CNN personality Van Jones is prone to making provocative statements.
A prime example came on election night in November when he said Donald Trump’s victory was a “whitelash”.
Now Jones is pushing for something that will make hardcore sports fans cringe en masse.
Van Jones believes it’s the responsibility of professional athletes to be more vocal about politics because they have a big platform.
Monday on “The Rich Eisen Show,” CNN commentator Van Jones said that professional athletes should use their platforms in the political world.
“Do you think athletes should be more vocal than they are?” host Rich Eisen asked.
Jones responded, “Of course. On both sides, on all issues.”

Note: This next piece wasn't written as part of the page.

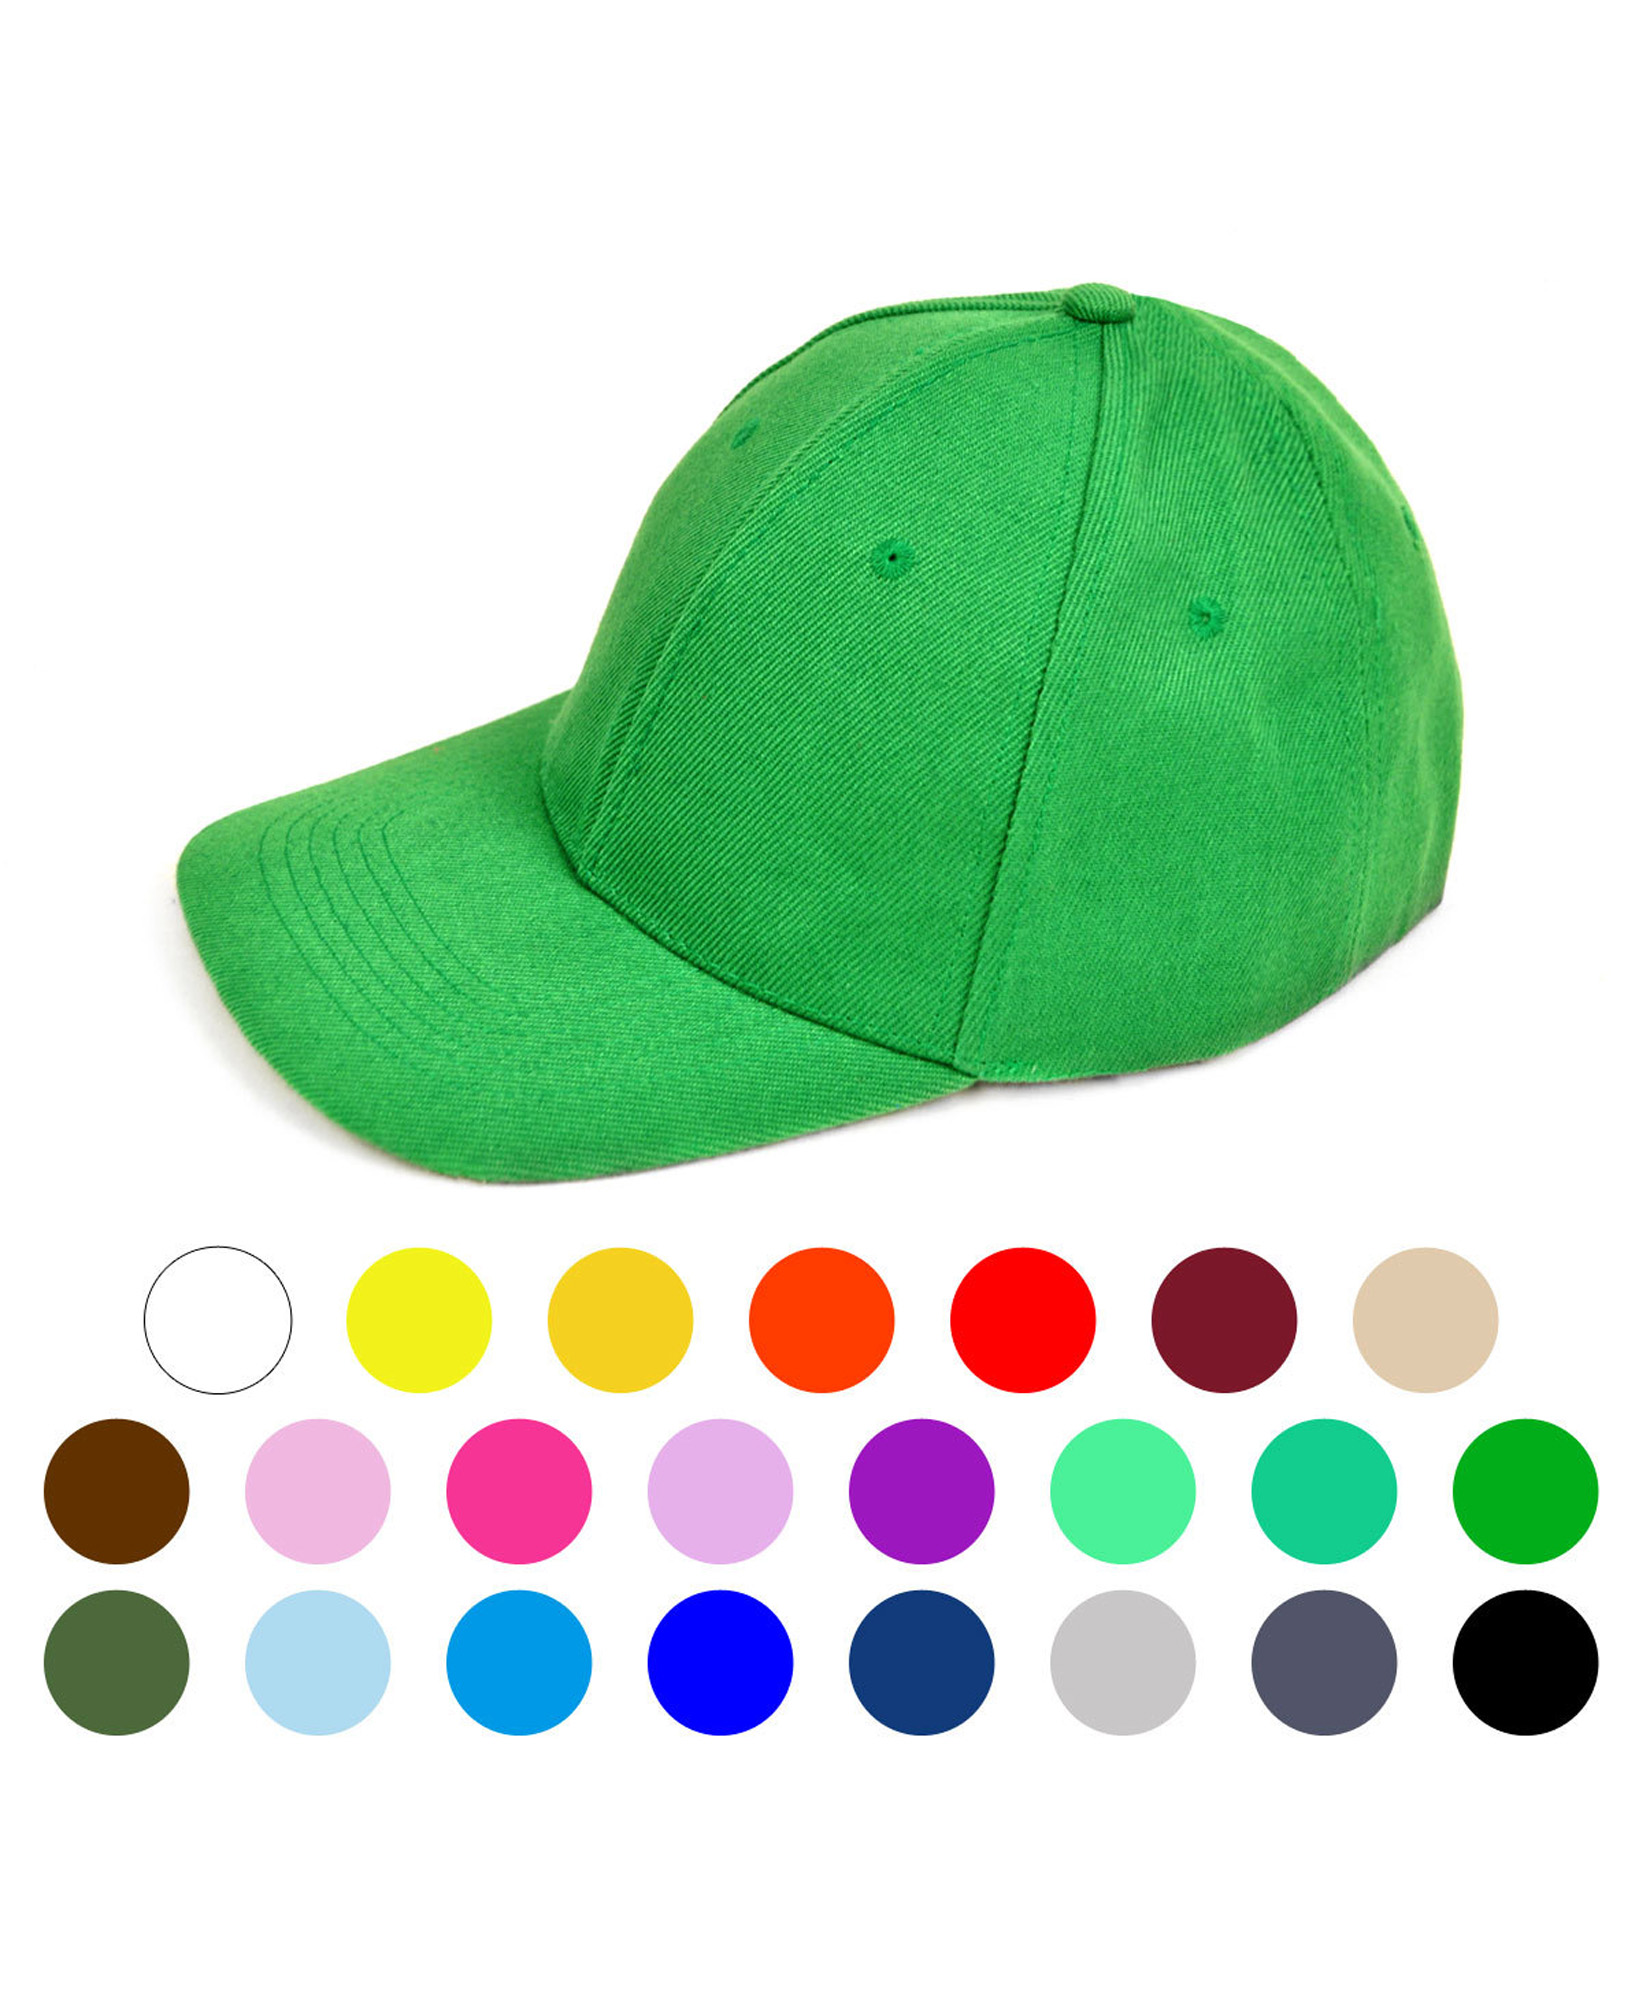 Selini NY Plain Promotional Solid Color Baseball Cap

“Democracy is not about the politicians, democracy is about the people,” he explained. “It doesn’t matter who you are. Just because you can throw a football well doesn’t mean you stop being a citizen, doesn’t mean you stop being a human being, doesn’t mean you stop being a parent. All of us are supposed to speak out.”
The candid camera exposé Project Veritas caught Jones calling the Trump-Russia story “a big nothing-burger,” but that didn’t stop him from pushing the narrative on his show.
So when Van Jones calls for athletes “on both sides” to be more outspoken, it’s hard to believe he’s being genuine.
Jones would have no problem with athletes espousing progressive beliefs, but would probably take exception with vocal conservatives. Much ado was made when football player Matt Birk didn’t meet with President Obama because of his pro-life stance.
Meanwhile athletes who’ve refused to meet with Donald Trump are heralded as brave, and speaking truth to power.
Jones’s call to the athletes runs counter to what sports viewers actually want.
ESPN has seen a decline in viewership for a host of reasons, one being their tilt toward progressive politics, which was essentially confirmed by ombudsman Jim Brady.
However, co-host Jemele Hill denied the charge:
“The other part of it is that we’re journalists, and people have to understand, these uncomfortable political conversations… the athletes are dragging us here. I didn’t ask Colin Kaepernick to kneel. He did it on his own. So, was I supposed to act like he didn’t?”
So political commentators like Van Jones are inciting athletes, and sports commentators like Jemele Hill coyly claim they’re just reporting the news.
Nobody is saying athletes can’t voice political opinions, and nobody is saying it shouldn’t be covered when they do.
But the agenda is clear, and the filter is biased. For example, ESPN gave Caitlyn Jenner the courage award in sports, and ESPN’s women’s sports page posted a poem written by cop-killing and escaped convict Assata Shakur, who’s lived in exile in Cuba for decades.
That vividly shows a progressive bent to the coverage.
Athletes are free to make statements about politics, but it shouldn’t be an expectation. Professional sports stars have spent incalculable hours training and practicing to reach their status.
That doesn’t make them policy experts or students of history and governance. They shouldn’t be expected to take a stand on issues just to placate someone else’s progressive agenda.